I want to loop through file A line by line and substitute a string
globally in file B based upon the second element of the array in file
A.
File A is a .csv file of this sort:
1,company 123
2,company 456
File B identifies the company by its company id nubmer in this format:
ID,1,NAME,PHONE
I want to replace the numeric company ID in file B with the company name, witing a new file C with the changes.
ID,company 123,NAME,PHONE
ID,company 456,NAME,PHONE
ID,company 123,NAME,PHONE
Here is a way of doing this:
Comments about the code are in blue
cut and paste the program below into a text editor and save as
"find_replace_in_file.pl" or anything else you want to call it.
#!/usr/bin/perl
# by Bonnie Dalzell Jan 14, 2009
# copyright under GPL
# may be reused, modified and resdistributed as needed under GPL
## the motto of PERL is "there is more than one way to do it"
## in addition to the output to the file I have left a report to the shell
use strict;
our $a = "a.csv";
our $b = "b.csv";
our $combined = "combinedfiles.csv";
open (INDUMP, "<$a") || die "cannot open $a";
# you need to check the parentheses the < is included in with file name not speparated
our %companyid=();
our @lines2 = <INDUMP>; # read file into list
chomp(@lines2);
foreach my $item (@lines2) { # loop thru list
chomp($item);
my @data=split(/,/,$item);
print "key: $data[0] - value: $data[1]\n";
#this is to the shell so you can monitor output - you can delete this or comment it out.
$companyid{$data[0]} = $data[1];
# this sets up a key value pair where company id number is associated with company name
} #end foreach
close INDUMP;
open (INGROUP, "<$b") || die "cannot open $b";;
open (DUMP, ">$combined") || die "cannot open $combined";
## if you use >> you append to a preexisting file
## if you use > you make a new version of the file.
while (<INGROUP>){
my $in_line = $_; # using my in loop assures clean variable - no hanovers from previous loops
chomp($in_line);
my @inline = split(/,/,$in_line);
$inline[1] = $companyid{$inline[1]};
# here we substitute the value from the companyid hash for the key taken from the new file
my $line = &join_array(@inline);
print "$line\n"; #this is to the shell so you can monitor output - you can delete this or comment it out
print DUMP "$line\n";
} #endwhile
close(INGROUP);
close DUMP;
##### subroutine below this ######
sub join_array {
## use my to keep variables local to subroutine
## there is what appears to be a simpler way to do this (see below) looping through the array
## but when i do it that way the resulting line keeps coming out with a comma before
## the first entry this method does not
my $i=0;
my @array = @_;
my $joinline=$array[0];
for( $i = 1; $i <= $#array; $i++){
$joinline ="$joinline".','."$array[$i]";
$i++;
}
return $joinline;
} #endsub
#####End Program ###################
Alternative method for joining array back into a single line for output.
However this leaves a comma at the beginning of the output line, $joinline.
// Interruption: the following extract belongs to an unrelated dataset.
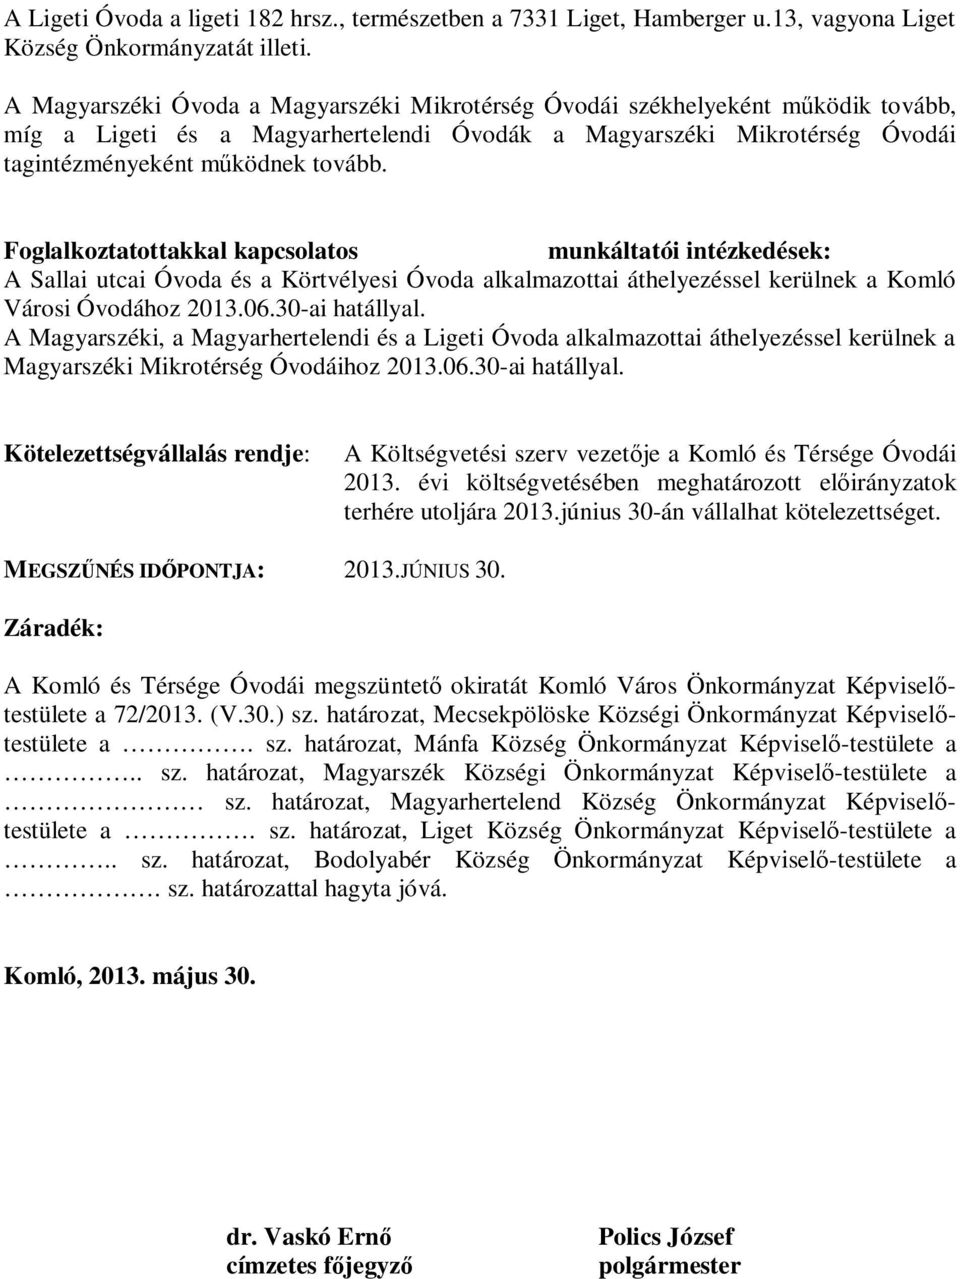 Foglalkoztatottakkal kapcsolatos munkáltatói intézkedések: A Sallai utcai Óvoda és a Körtvélyesi Óvoda alkalmazottai áthelyezéssel kerülnek a Komló Városi Óvodához 2013.06.30-ai hatállyal.

I cannot figure out why.
sub join_array {
## use my to keep variables local to subroutine
## there is what appears to be a simpler way to do this (see below) looping through the array
## but when i do it that way the resulting line keeps coming out with a comma before
## the first entry this method does not
my $i=0;
my $item;
my @array = @_;
foreach $item(@array){
$joinline = join (",", $joinline","$item");
}
return $joinline;
} #endsub